# kooplung WinCC mit Roboter



## Anonymous (27 Juni 2003)

Ich muss ein PC mit einer Robotersteuerung koppeln. Als Medium ist industrial ethernet vom Kunden vorgeschrieben und auf dem PC läuft die Visualisierungssoftware WinCC.

Was brauche ich für eine Ethernetkarte von Siemens und was für zusätzliche Software für den PC?

MfG tomka


----------



## Markus (27 Juni 2003)

also zur anbindung reicht ein normale ethernetkarte aus.

was ist das den für ein roboter?
was genau wilst du für daten auslesen bzw mit wincc visualisieren?


----------



## tobkin (29 Juni 2003)

Hallo tonka,
schaue Dir mal diesen Link an.

https://mall.ad.siemens.com/DE/memb...69-4270-4274-4277-4302-4316-4325-&jumpto=4316

Ich denke Du musst wahrscheinlich Siemens- Komponenten nutzen .Also eigentlich würde es eine CP1612 schon machen.

Wenn du schon WinCC schaon hast, dann brauchst Du eigentlich nichts weiteres, es sei denn Du muss z.B. Daten archivieren oder zur EDV weiterschicken, dann sieht die Sache anders aus.

Gruss Tobias


----------



## Diego (30 Juni 2003)

@tobkin
der link ist passwortgeschützt


----------



## tobkin (30 Juni 2003)

*Falscher Link*

Hups Fehler, hier der richtige Link:

https://mall.ad.siemens.com/DE/gues...open=-4070-1-4071-4262-4302-4316-&jumpto=4316


Gruss Tobias


----------



## Anonymous (1 Juli 2003)

WinCC braucht erstmal keine Daten an ein EDV-System senden.
Die Daten für den Roboter sollen lediglich Raumkoordinten für spezielle Punkte im Arbeitsraum sein, die vorher durch WinCC berechnet worden. 
Nach Erreichen des Raumpunktes gibt der Robi ein Rückmeldung und soll weitere Aktion damit auslösen.

Der Robi kommt von Kawasaki.

MfG Tomka


----------



## Markus (1 Juli 2003)

sorry also ich komm noch nicht ganz mit was du vorhast...
robis von kawasaki kenn ich net, ich vermute du brauchst irgendeine schnittstelle zwischen dem roboterprogramm und wincc, oder weißt du in welcher form der roboter seine daten zur verfügung stellt?

fakt ist das du die positionsdaten der einzelnen roboterachsen in dein sps-programm bzw. später in wincc einlesen willst.

ist das so richtig?


----------



## Anonymous (2 Juli 2003)

Zu den Robotern von Kawasaki, den findest du unter http://www.kawasakirobot.de.
Ich möchte Raumkoordinaten bzw.
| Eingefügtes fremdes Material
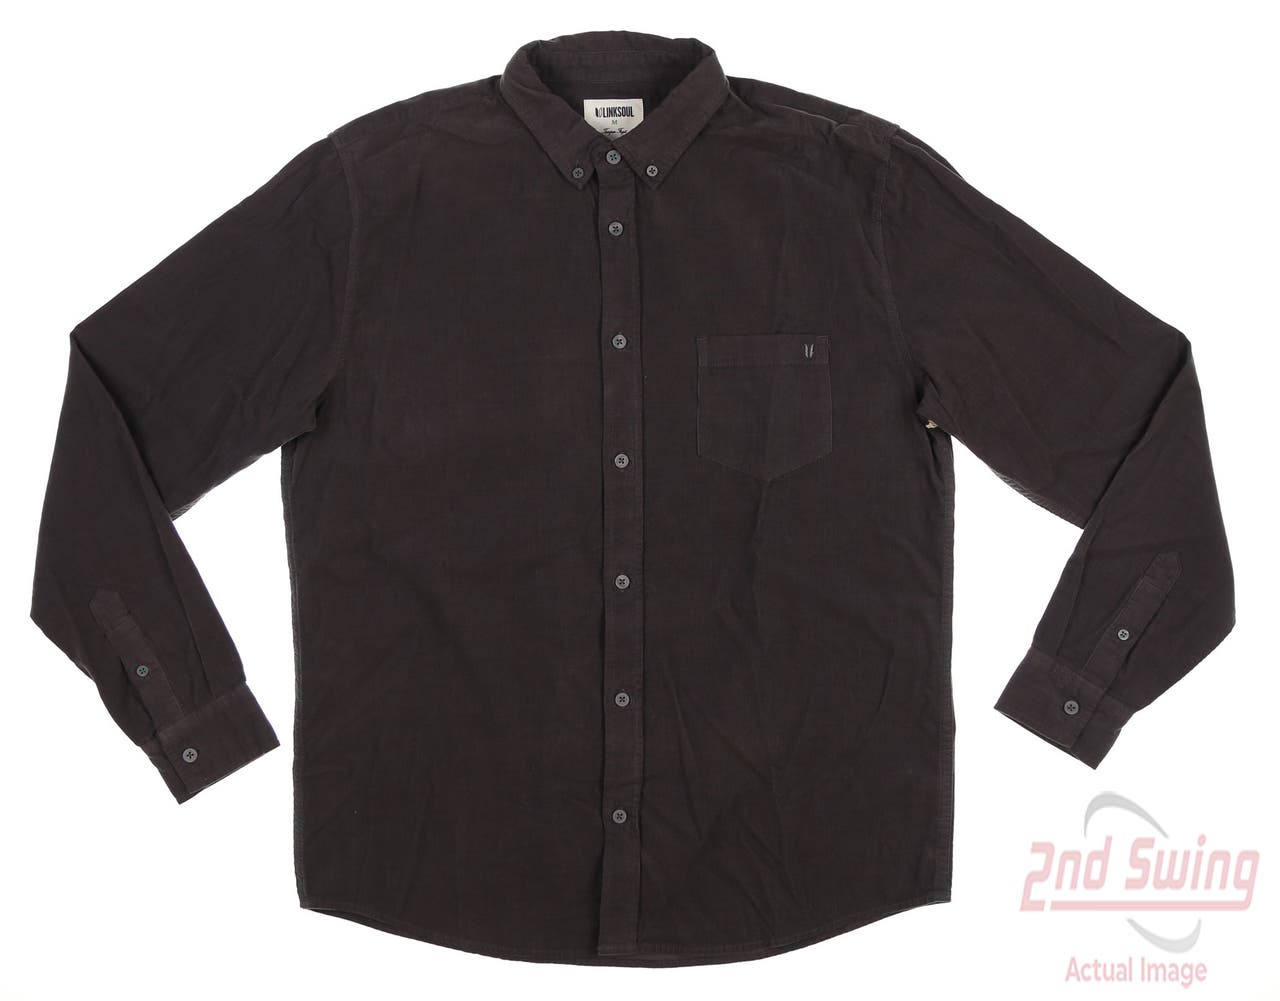 New Mens LinkSoul Pinwale Corduroy Button Up Medium M Charcoal MSRP $98
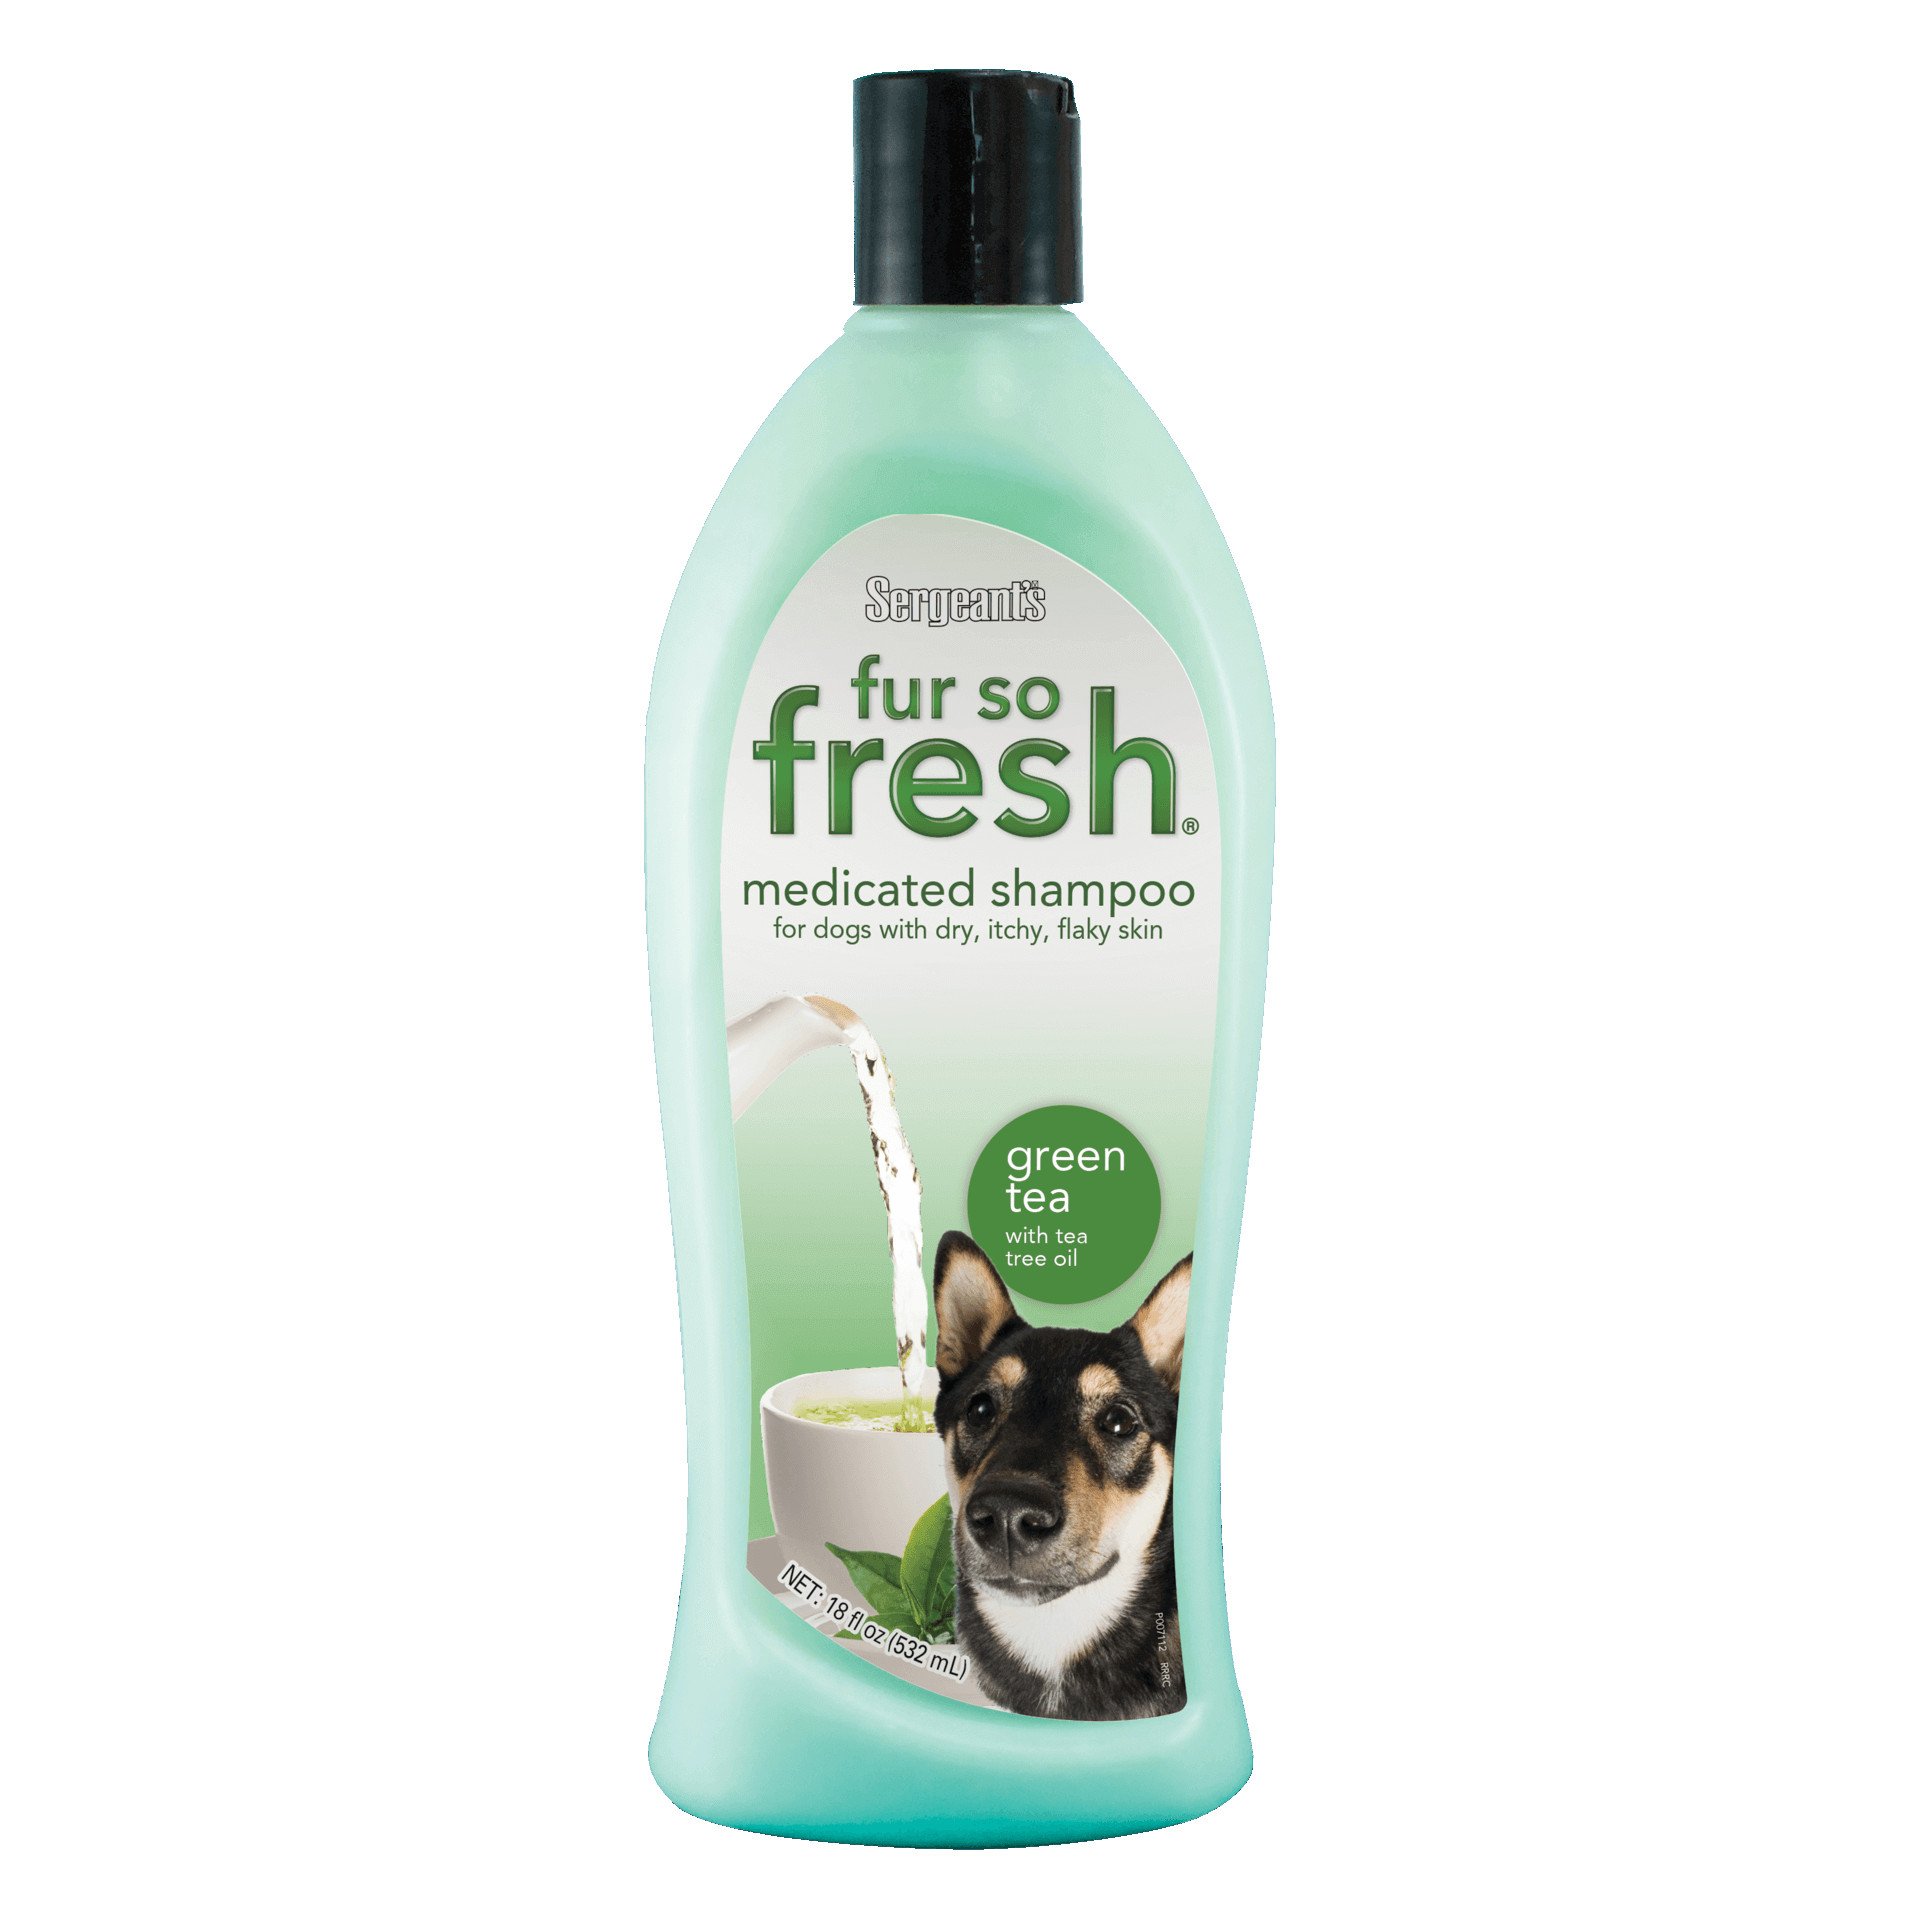 Sergeant's Fur So Fresh Medicated Shampoo for Dogs
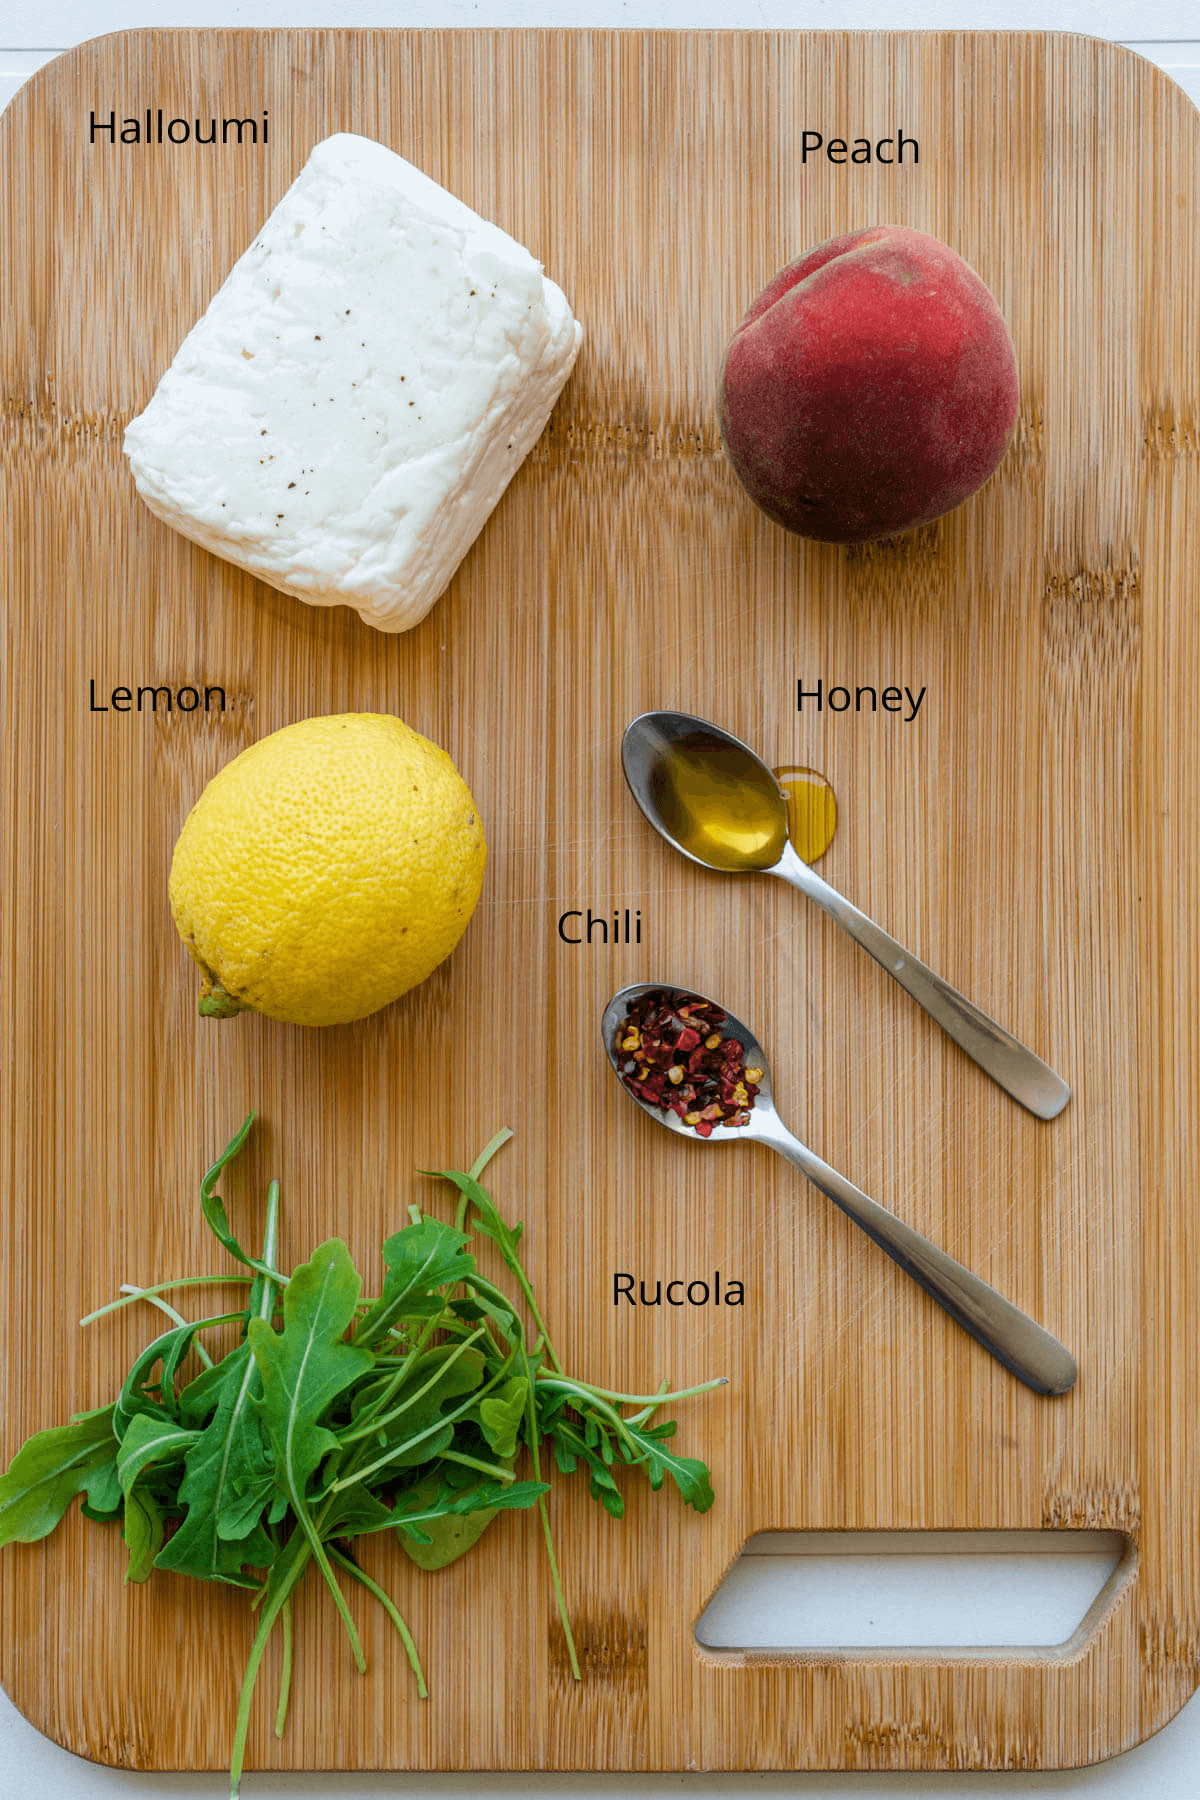 Ingredients on a chopping board to make Fried Halloumi with hot honey and peach

Referenzpunkte von einem Raumpunkt mit WinCC berechnen. Dieser Raumpunkt soll eine Ecke von einer Europalette sein. 
Die Aufgabe des Roboters ist es Päckchen auf die Palette abzulegen. Da die Päckchenmaße für eine Palettenbeladung gleich ist, aber von Palette zu Palette sehr unterschiedlich ist und zusätzlich die Packmuster vom Anwender vorgegeben sind, wollte ich die einzelnen Absetzpositionen durch einen "übergeordneten" Rechner berechne und diese mittels S5-kompatiblen Protokoll (Send/Recive) an die Robotersteuerung übertragen.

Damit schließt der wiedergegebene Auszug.